Heidelberger Rollstuhlmarathon: Neuer Weltrekord bei den Frauen

Beim Heidelberger Rollstuhlmarathon bleibt Christiane Reppe aus Dresden fast unter einer Stunde - Purchke-Sieg bei den Männern

05.07.2015 UPDATE: 06.07.2015 06:00 Uhr 2 Minuten, 19 Sekunden

Bedankt sich für die tolle Unterstützung: Weltrekordlerin Christiane Reppe unterbot die alte Bestmarke um fast vier Minuten (o.l.). Das Feld schoss mit bis zu 65 km/h über die Strecke und Joachim Schermuly, 1. Vorsitzender des Heidelberger Rollstuhlmarathons freute sich über eine gelungene Veranstaltung (u.r.). Fotos: vaf

Von Christoph Ziemer

Heidelberg. Manchmal gibt es Tage, die man am liebsten aus dem Kalender streichen würde. An den vergangenen Freitag erinnert sich Vico Merklein jedenfalls nur äußerst ungern. Tagelang hatte der amtierende Vize-Weltmeister vom Malscher Team Sopur an seinem Handbike herum geschraubt, teilweise sogar bis tief in die Nacht. Seinen eigenen Weltrekord in Heidelberg noch einmal unterbieten, das war das Ziel. In Top-Form habe er sich befunden, sagt Merklein - aber eben nur bis Freitag. Bei der Hinfahrt zur Teamsitzung begannen die Probleme. "Ich habe gedacht, was ist denn jetzt los?", berichtet der 37-Jährige. "Es hat sich angefühlt, als ob ich gleich dehydriere." Ein Magen-Darm-Virus war im Anmarsch, die Mission Weltrekord musste vorsichtshalber abgeblasen werden. Aber eben nur teilweise. Christiane Reppe zum Frauen-Weltrekord verhelfen, so lautete die neue Aufgabe, die Sopur seinen Fahrern als Marschroute für Heidelberg vorgab. Und sie gelang.

Die Straßen-Weltmeisterin verbesserte den alten Weltrekord von 1:04 Stunden nicht nur, sie pulverisierte ihn in Heidelberg nahezu. Fast vier Minuten schneller war die 27-jährige Dresdnerin, und das bei einem Schnitt von fast 41 km/h pro Stunde. "Das war richtig hart heute, für alle", befand die Sopur-Fahrerin, die beim Start unter der Brücke noch an halbwegs erträgliche Temperaturen geglaubt hatte: "Ich habe gedacht, ich sterbe.
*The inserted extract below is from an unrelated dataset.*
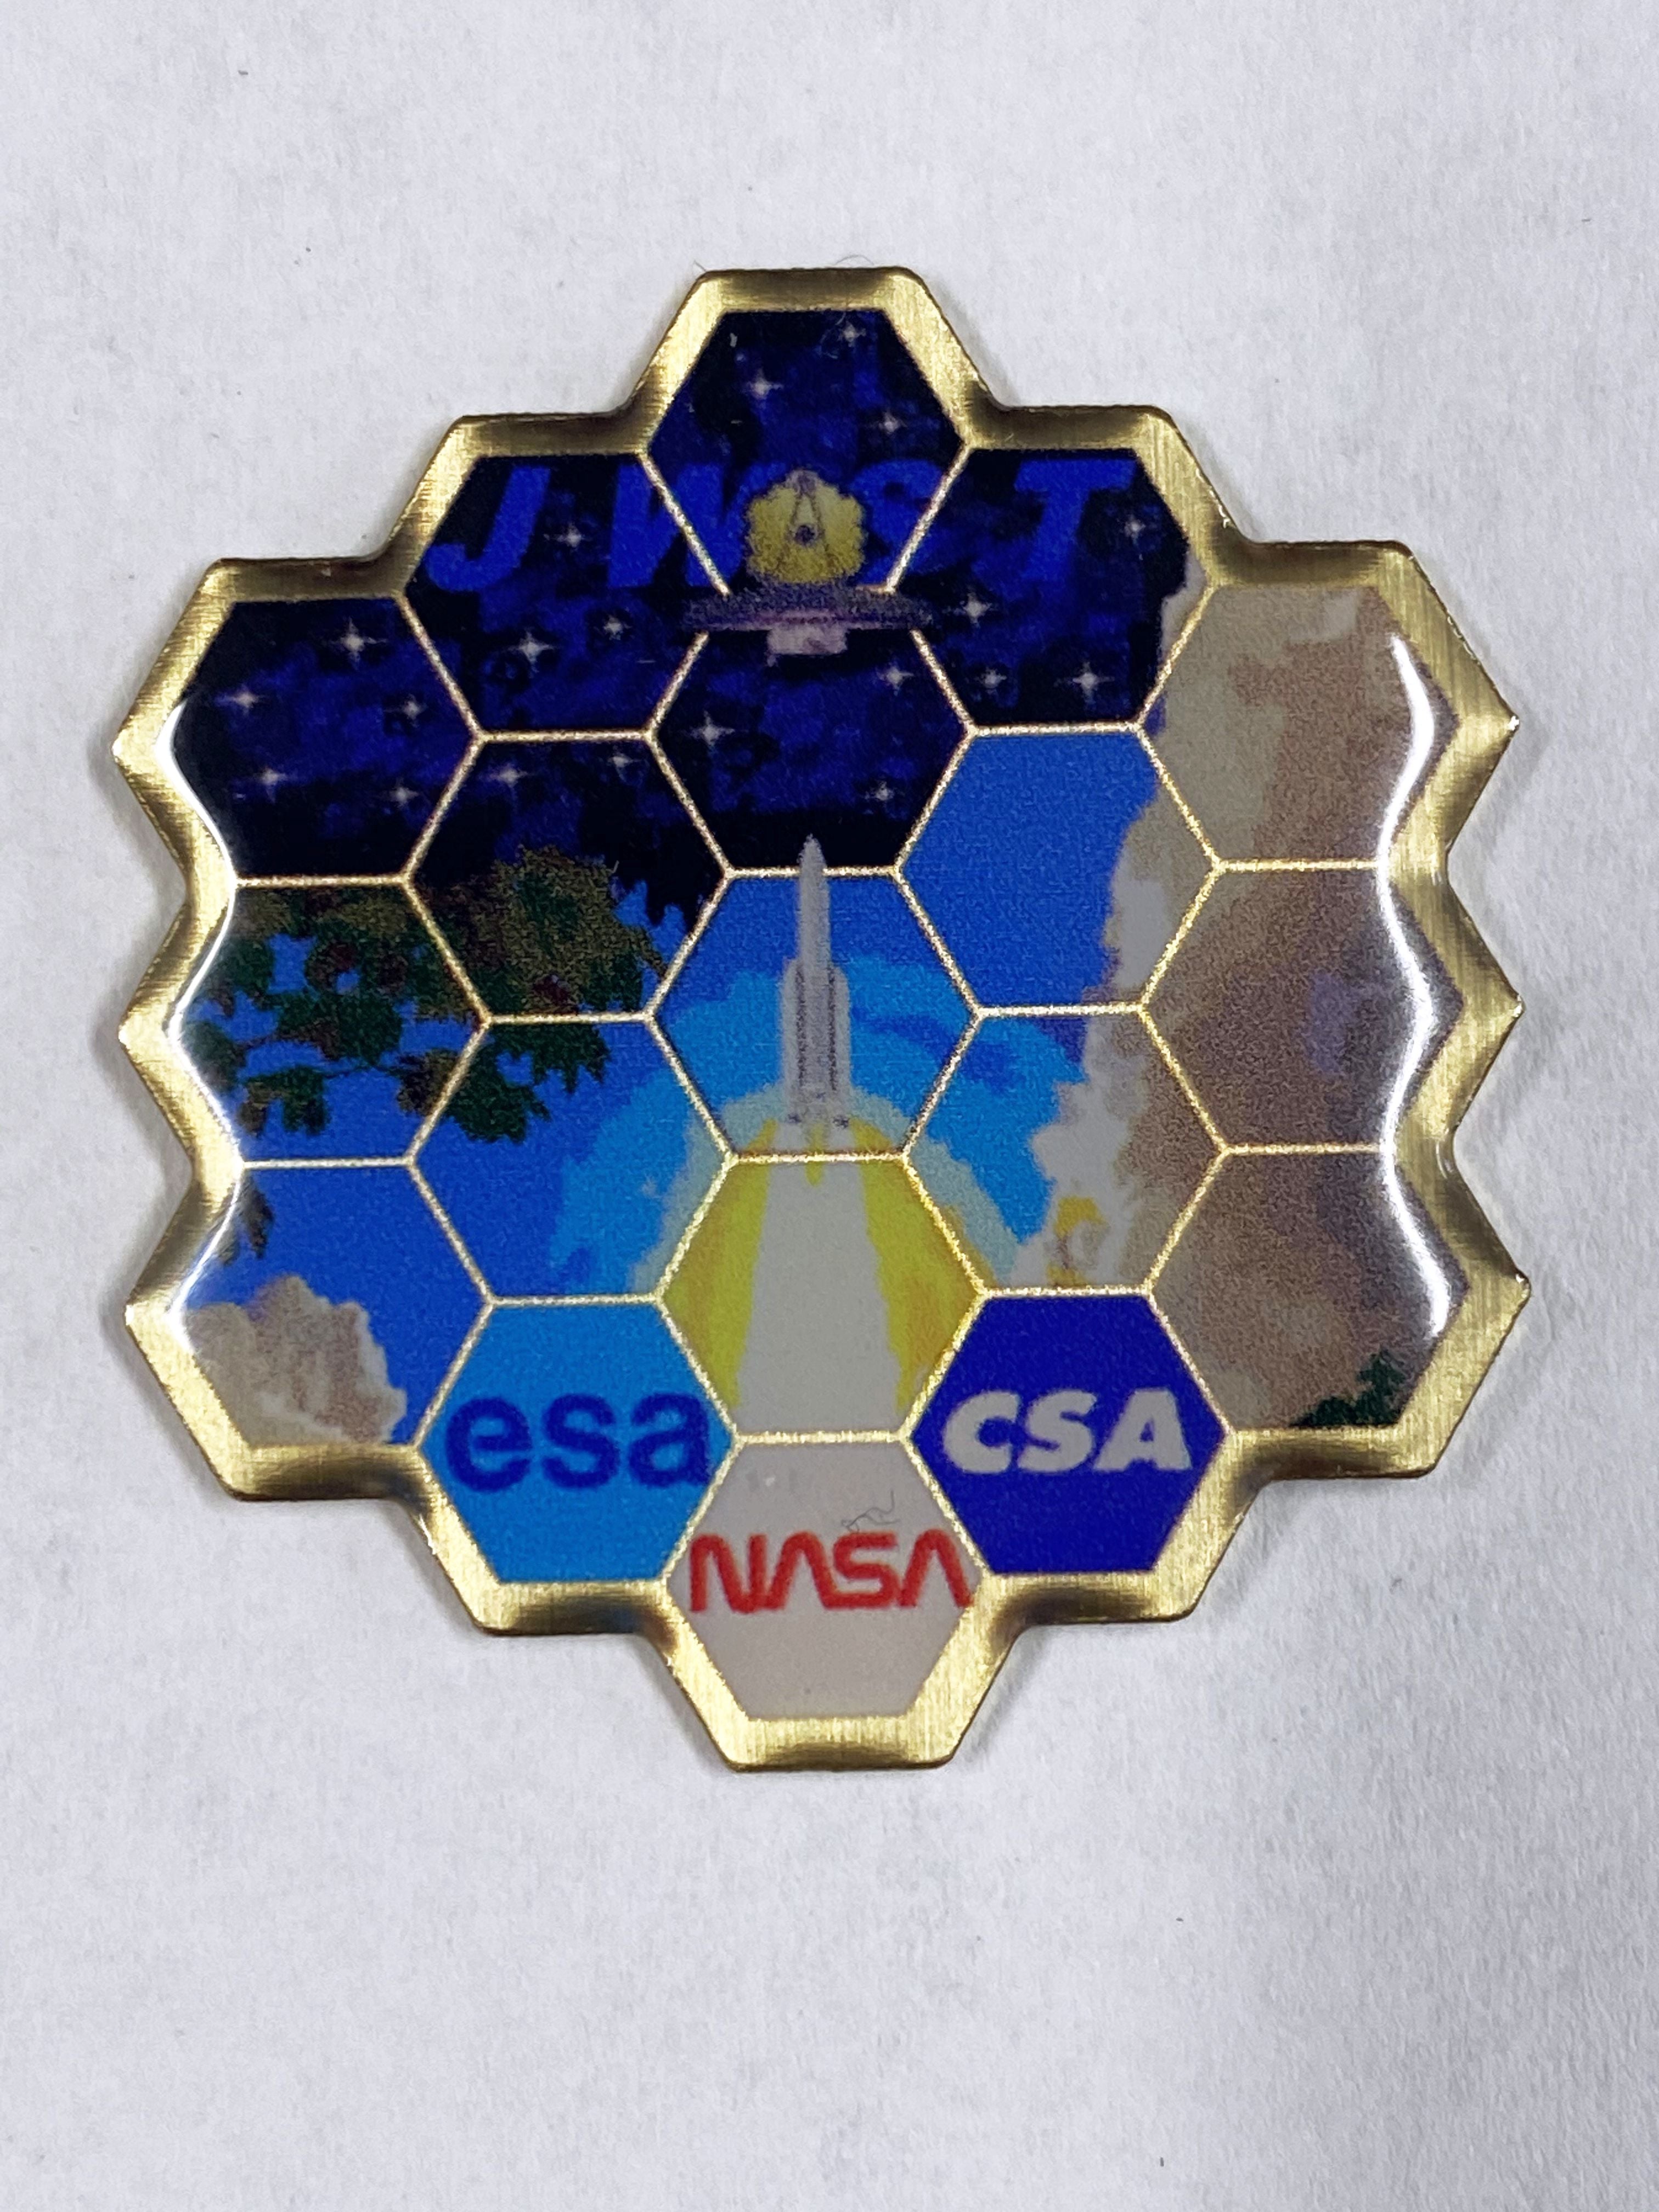 JWST Mission Lapel Pin - The Space Store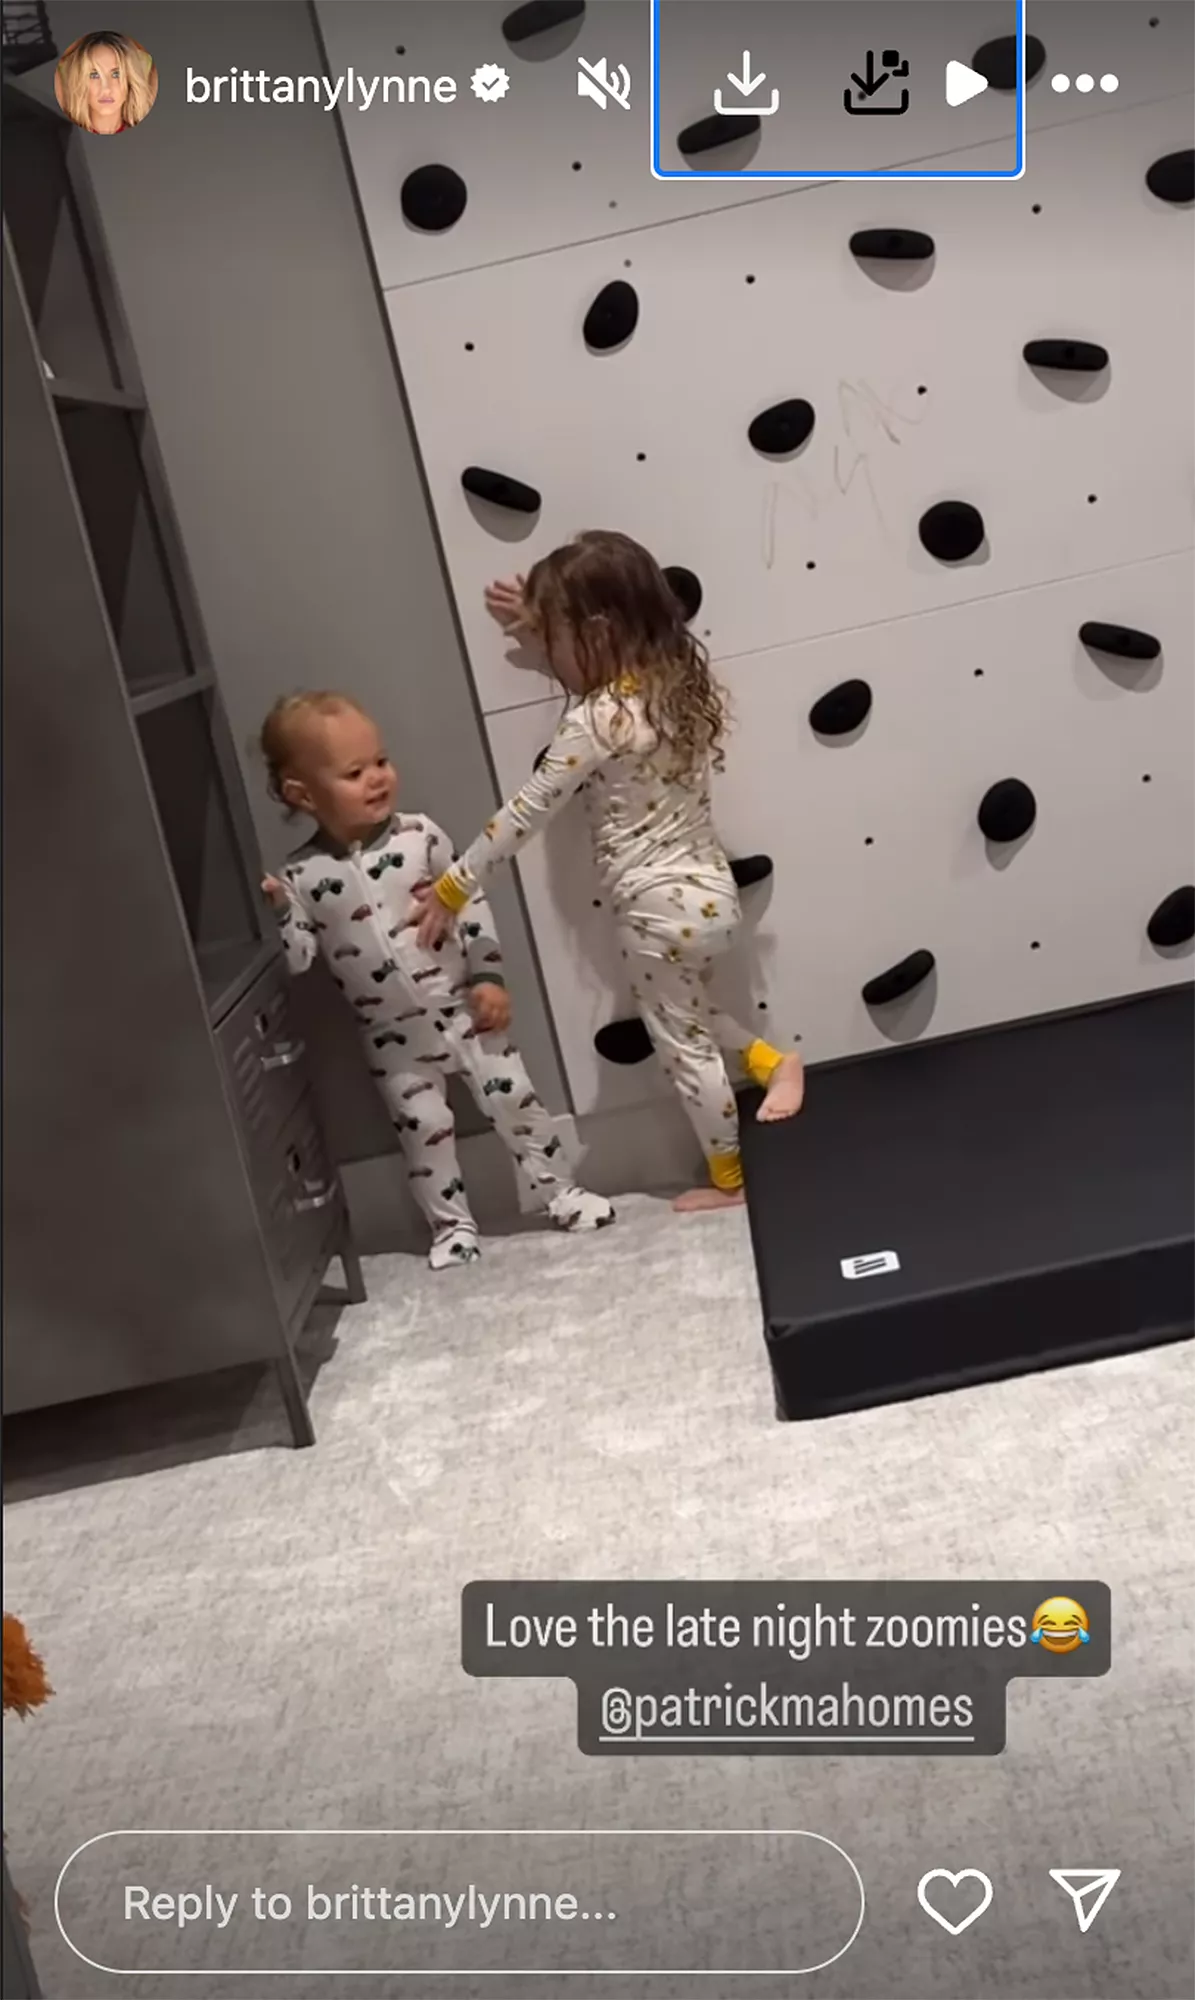 Brittany Mahomes Posts Adorable Videos of Her 2 Kids 'Late Night Zoomies' and Sterling Reciting Prayer

Nach der Hälfte war es nicht mehr lustig. Aber es war eine fantastische Team-Leistung. Ich danke Vico, dass er seinen möglichen Weltrekord für meinen Sieg geopfert hat." Immer wieder führte Merklein seine Teamkollegin an das Hauptfeld heran, wenn der Kontakt zur Spitzengruppe abzureißen drohte - der Mann aus dem südhessischen Babenhausen ließ sich dafür sogar zurückfallen. Warum das klappte, weiß Merklein genau: "Das Feld hat sich anfangs nur auf mich konzentriert, so konnte ich Christine mit ihrer Wattzahl wieder heranführen. Ich weiß ja, was sie kann."

Das Hauptfeld war nach der Hälfte der Renndistanz noch dicht beisammen, gleich 23 Fahrer konnten sich an der Spitze halten. Die Vorentscheidung fiel nach der Friedensbrücke in Neckargemünd. Torsten Purschke setzte nur wenige Kilometer von seiner Heimatstadt Waibstadt entfernt zu einem Sprint an, den viele nicht mehr mitgehen konnten. Bis auf Sopur. Führungsarbeit wollte das Team aus Malsch allerdings nicht leisten, das musste der Lokalmatador bei Sahara-Hitze alleine übernehmen - und das über mehrere Kilometer. Der 49-Jährige hatte im Ziel trotzdem noch so viele Reserven, dass er den Schluss-Sprint souverän für sich entscheiden konnte.

Die Hitze war diesmal das große Thema an der Strecke. Die Zuschauer funktionierten die Klatschpappen des Hauptsponsors kurzerhand zu Fächern um, Fahrer und Fans erhielten an den Teamständen im Start-Ziel-Bereich auf Wunsch eine kleine Wasser-Dusche aus der Spray-Dose. Einige Fahrer gaben nach der Hälfte der Distanz auf und rollten an die Seite - zu kräfteraubend war die Rekordjagd auf dem Heidelberger Asphalt. Ernsthafte Probleme gab es trotz Rekordtemperaturen keine.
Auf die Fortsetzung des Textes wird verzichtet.